# TASK REQUIREMENTS:
Omit the pictures from the listing below and print every remaining entry verbatim.

# DATA FOR THE TASK:
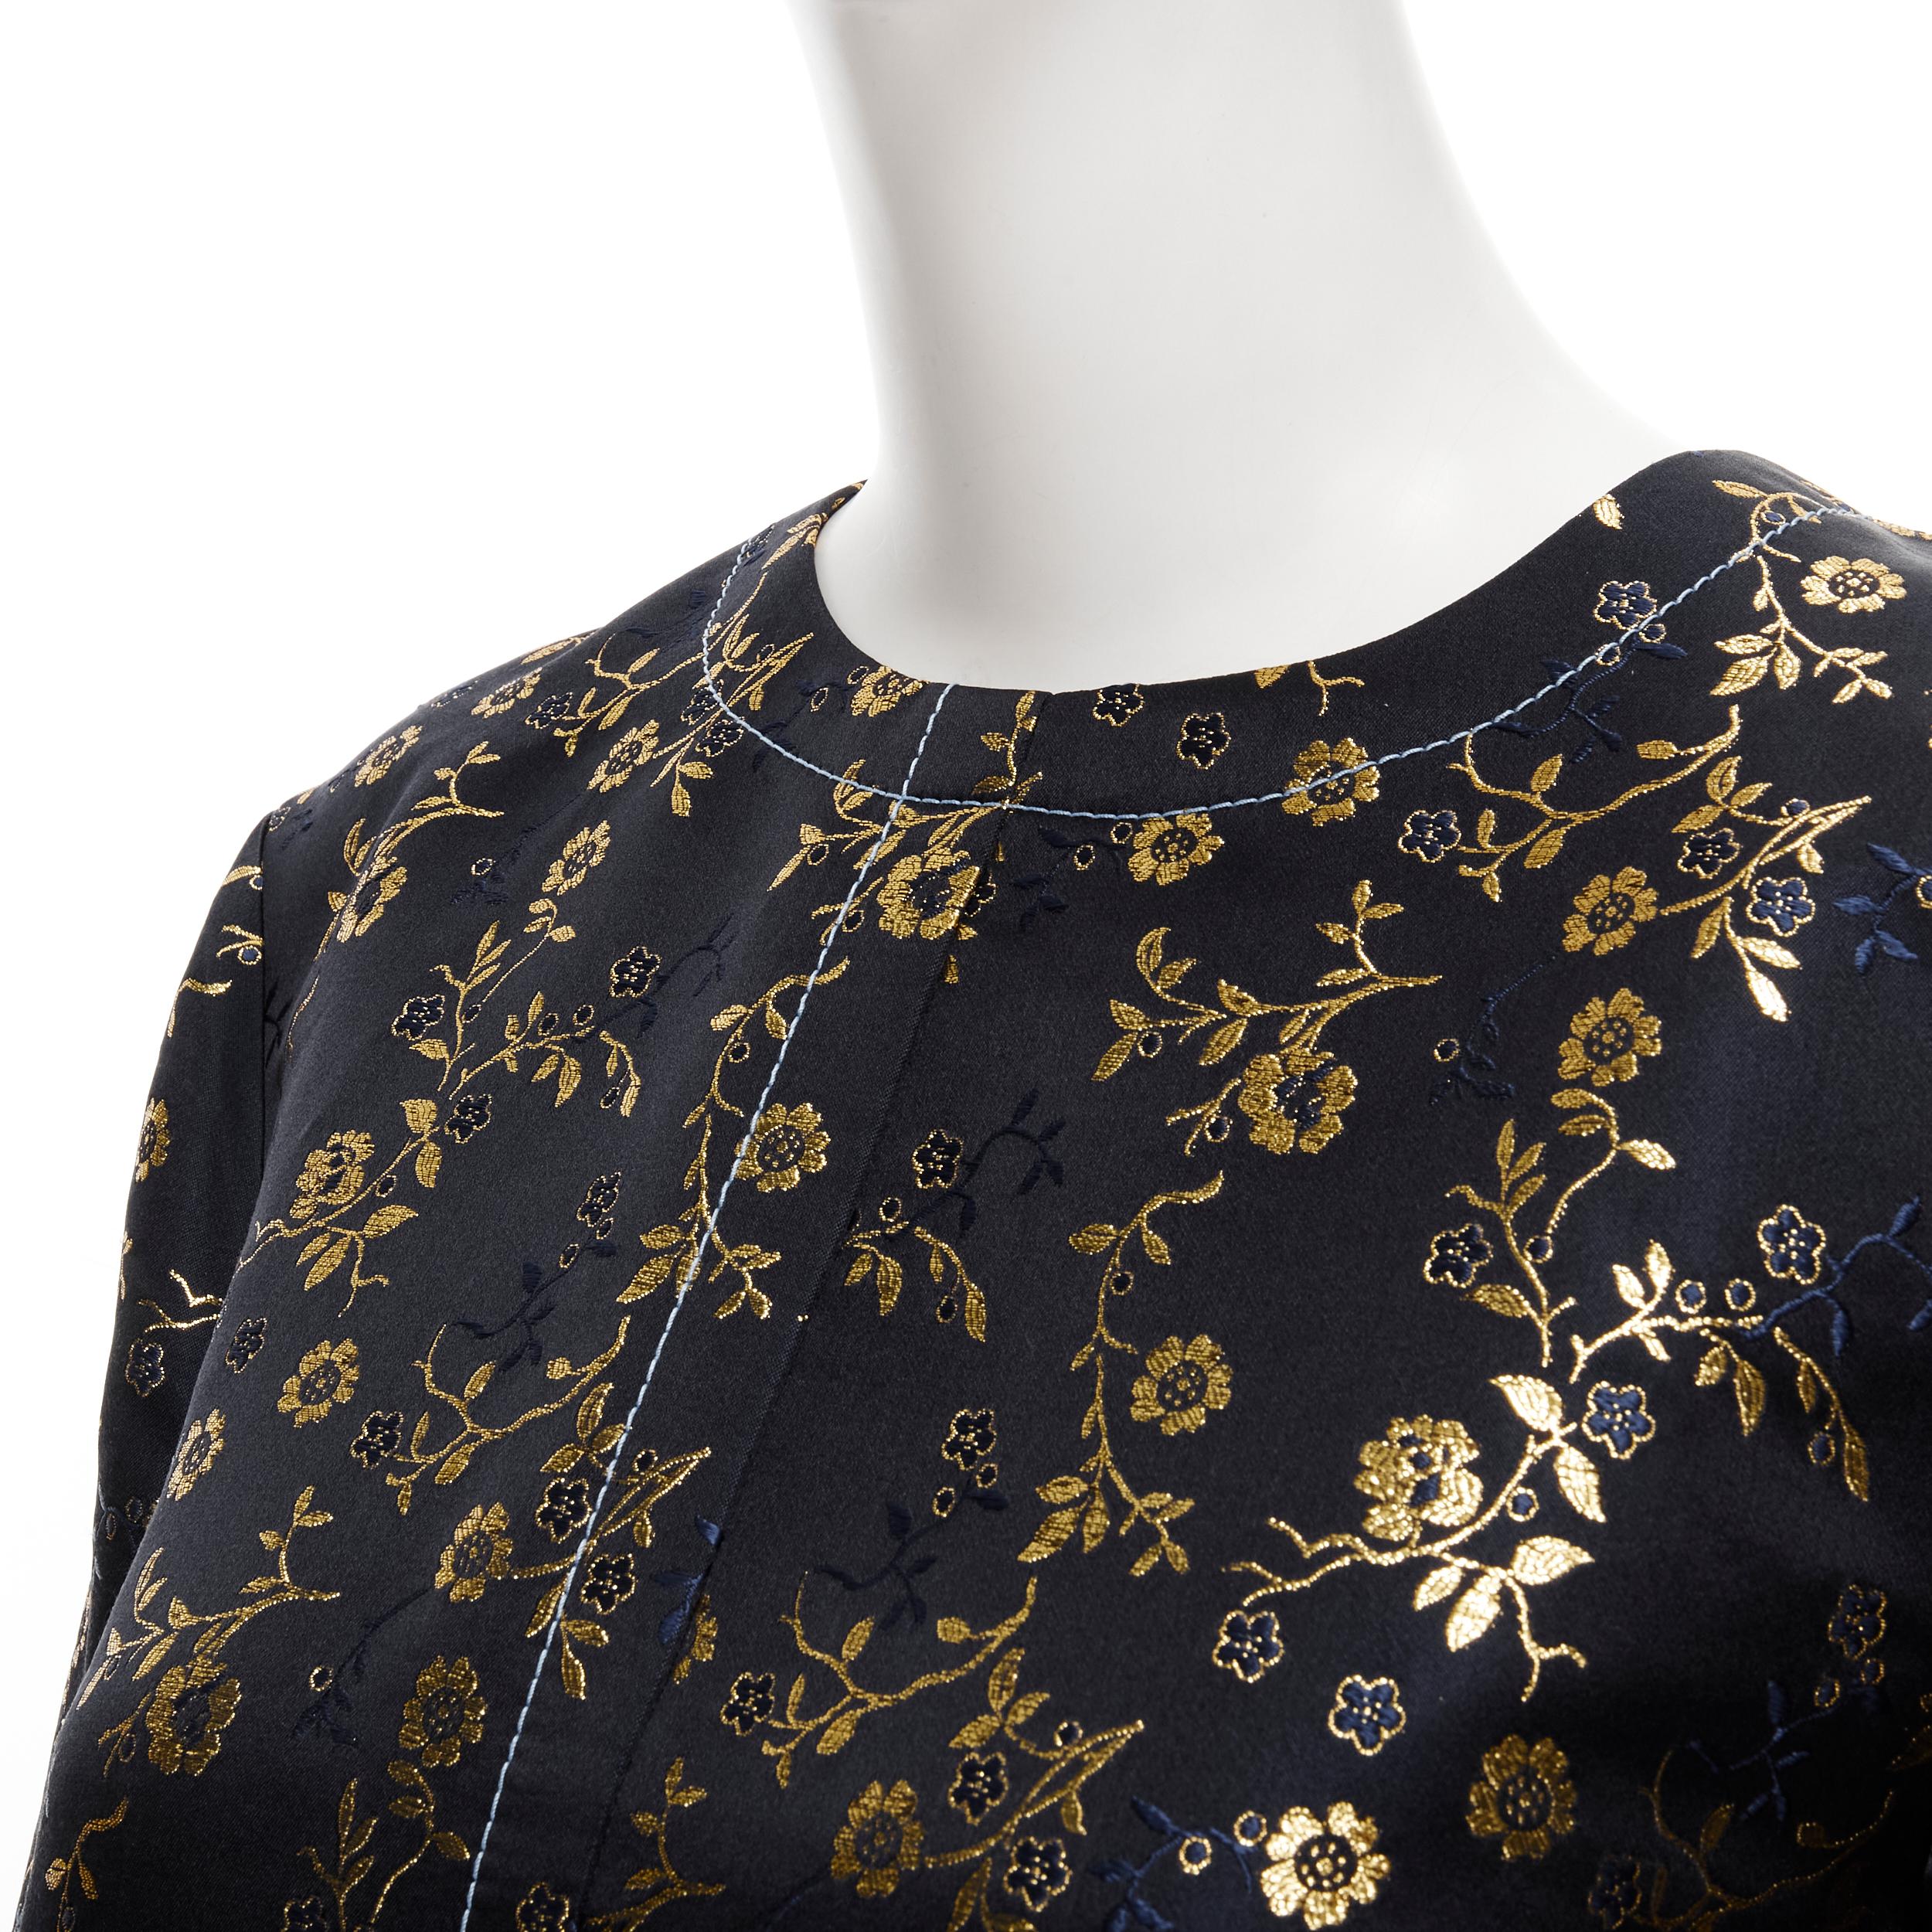 MARNI 2019 black gold blue floral jacquard cuffed sleeve trapeze dress IT40 S 
Reference: CELG/A00177 
Brand: Marni 
Collection: 2019 
Material: Viscose 
Color: Black 
Pattern: Floral 
Closure: Zip 
Extra Detail: Floral jacquard. Light blue

# EXERCISE SOLUTION:
 MARNI 2019 black gold blue floral jacquard cuffed sleeve trapeze dress IT40 S 
Reference: CELG/A00177 
Brand: Marni 
Collection: 2019 
Material: Viscose 
Color: Black 
Pattern: Floral 
Closure: Zip 
Extra Detail: Floral jacquard. Light blue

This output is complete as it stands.